GFG Group Executive Chairman Sanjeev Gupta said that he was thrilled with the deal. “The addition of high-quality specialized facilities at Johnstown further strengthens our existing facilities at Georgetown and Peoria.”
“We are excited to be joining the GFG family of global businesses and see this as a tremendous opportunity to further our position as a leading manufacturer of steel wire in North America,” said Johnstown Wire Technologies President and CEO Jack Miller.
International Wire Group Holdings, Inc. (IWG)—which per its website is the largest bare copper wire and copper wire products manufacturer in the U.S., with operations in Europe—announced that it has agreed to be acquired by affiliates of Atlas Holdings LLC (Atlas) for $10.70 a share.
A press release said that IWG’s board of directors unanimously approved the transaction, and recommended that stock holders approve the deal. Atlas owns and operates 18 manufacturing and distribution businesses, with more than 17,000 employees and 150 facilities worldwide. Those sectors include automotive products and services, building materials, capital equipment, chemicals, construction, energy, equipment fabrication, industrial distribution, metals and metal fabrication, packaging and paper products.
The transaction, the release said, is also subject to approvals. If the deal goes forward, it would be expected to close early in the second quarter of 2019..
IWG, based in Camden, New York, with its subsidiaries, manufacture and market wire products that include bare and tin-plated copper wire, engineered wire products and high performance conductors for other insulated wire manufacturers and OEMs. It also has facilities in France, Italy and Poland.
Per its webpage, IWG—formed in 1995 through the combination of Wirekraft Industries and Omega Wire, joined that year by Ristance Corporation and Electro Components De Mexico—saw considerable growth in the following years. It expanded in 1996 with the addition of Dekko Wire Technologies amd Camden Wire in 1997, Spargo Wire and Italtrecce in 1998, Forissier in 1999, PD High Performance Conductors in 2006, Hamilton Products in 2008, Global Wire (Wyre Wynd, Negev, Montgomery Wire) in 2008 and Ffhoenix Cuivre in 2011.

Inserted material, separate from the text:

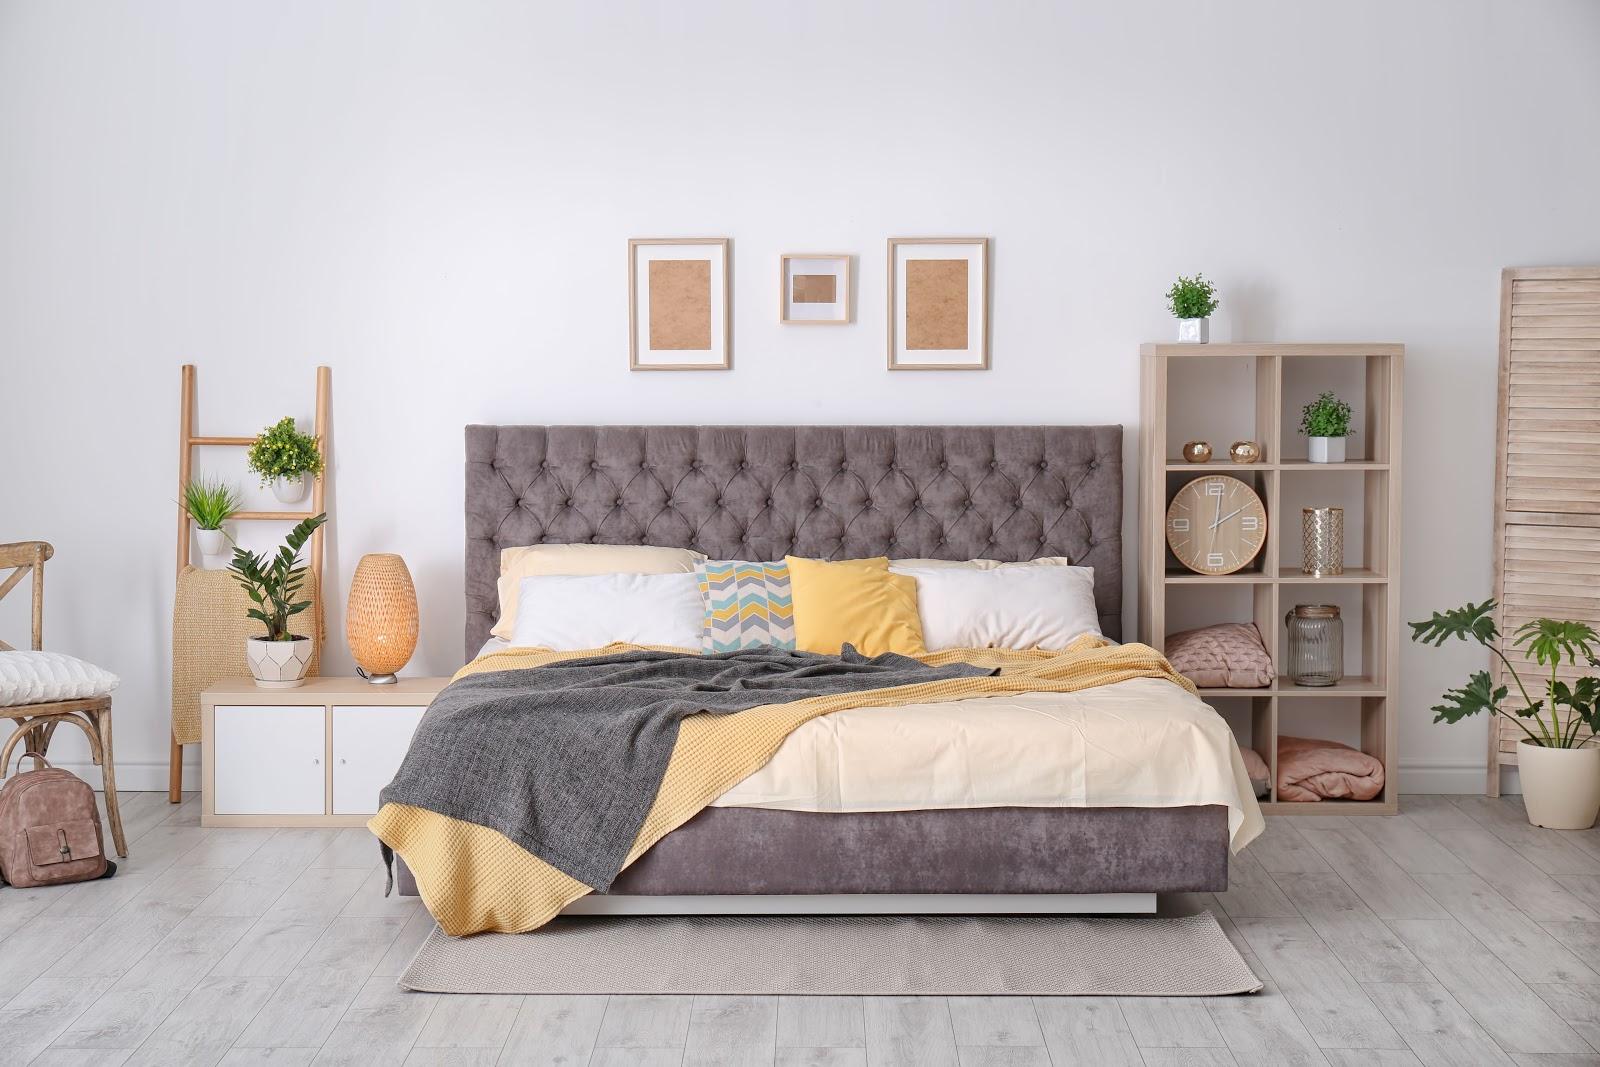 Mobilier dormitor galben - violet

Chroma Color Corporation (CCC) announced that it has acquired Polymer Concentrates Inc. (PCI), a privately held company that develops and manufactures color concentrates for the international plastics industry.

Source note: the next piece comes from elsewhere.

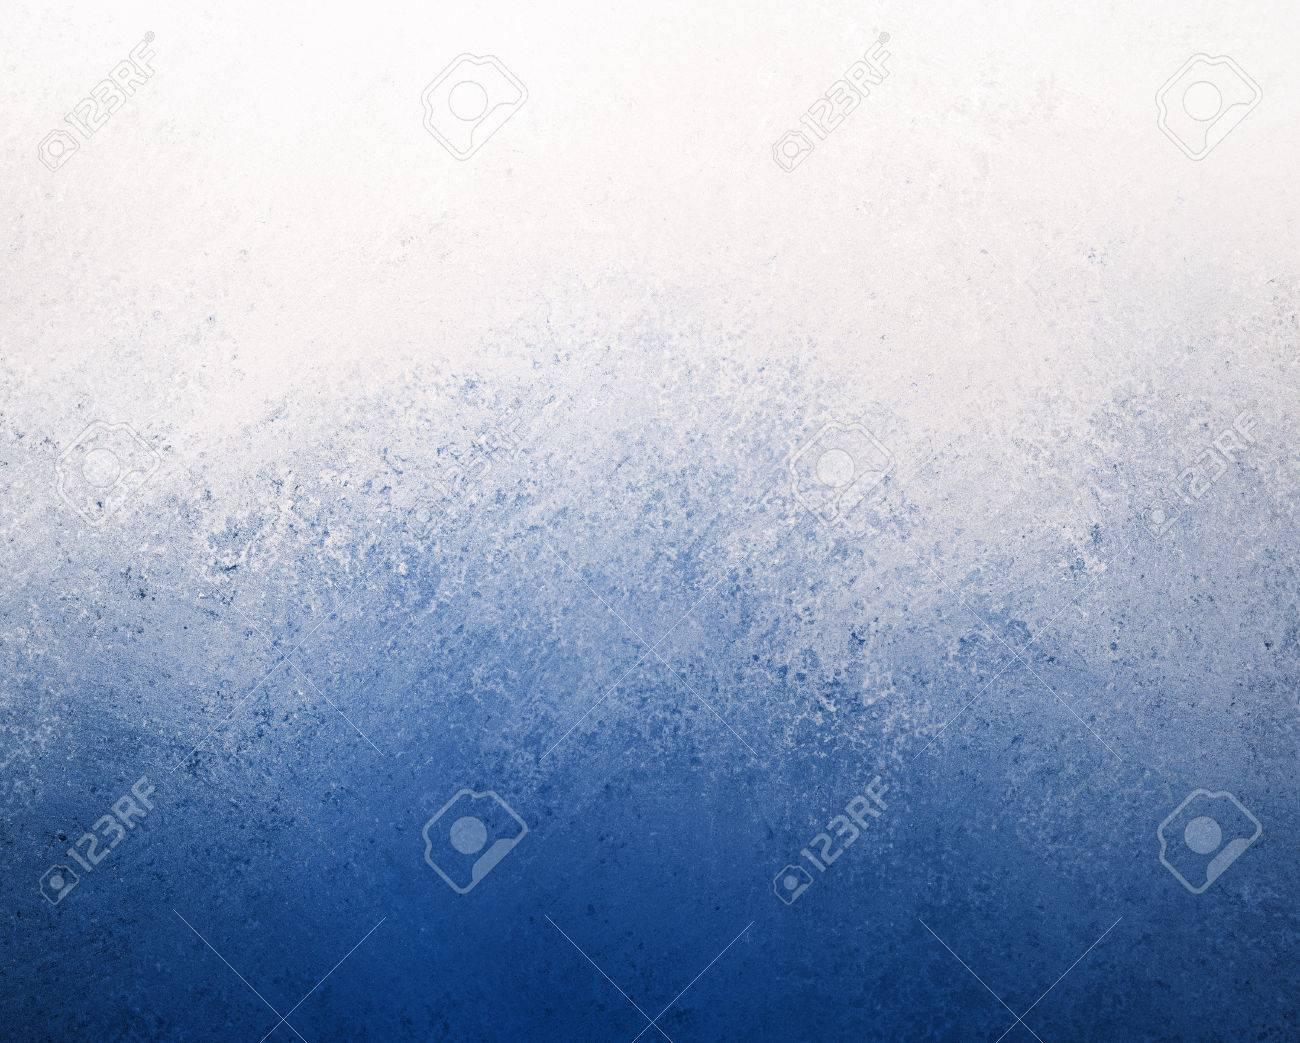 Fond Bleu Blanc Bordure Inferieure Bleu Fonce Et Blanc Trouble Top

A press release said that acquiring PCI, based in Clinton, Massachusetts, further bolsters the manufacturing footprint of Chroma Color. Terms of the deal were not disclosed. “Over the past five decades, Polymer Concentrates Inc. has forged deep relationships with a wide range of customers in the automotive, communication technology, wire-cable, housewares, netting, packaging, and other specialty industries,” it said.
“We were very excited when we saw the opportunity to add Polymer Concentrates Inc. to the Chroma family,” said Chroma Color Corporation CEO Tom Bolger. “The company has a solid reputation in the marketplace and its facility is very close to our plant in Leominster, Massachusetts.” He added that the two companies complementary product lines, but distinctly different customer bases. “That makes this acquisition very attractive allowing us to offer a broader suite of products to the customers of both the legacy Chroma and PCI.”
Chroma Color Corporation serves multiple markets, including wire and cable. It was formed in 2018 when four well-established color concentrate companies (Breen, Hudson, Carolina, and Chroma Colors) combined their resources to form the single business entity.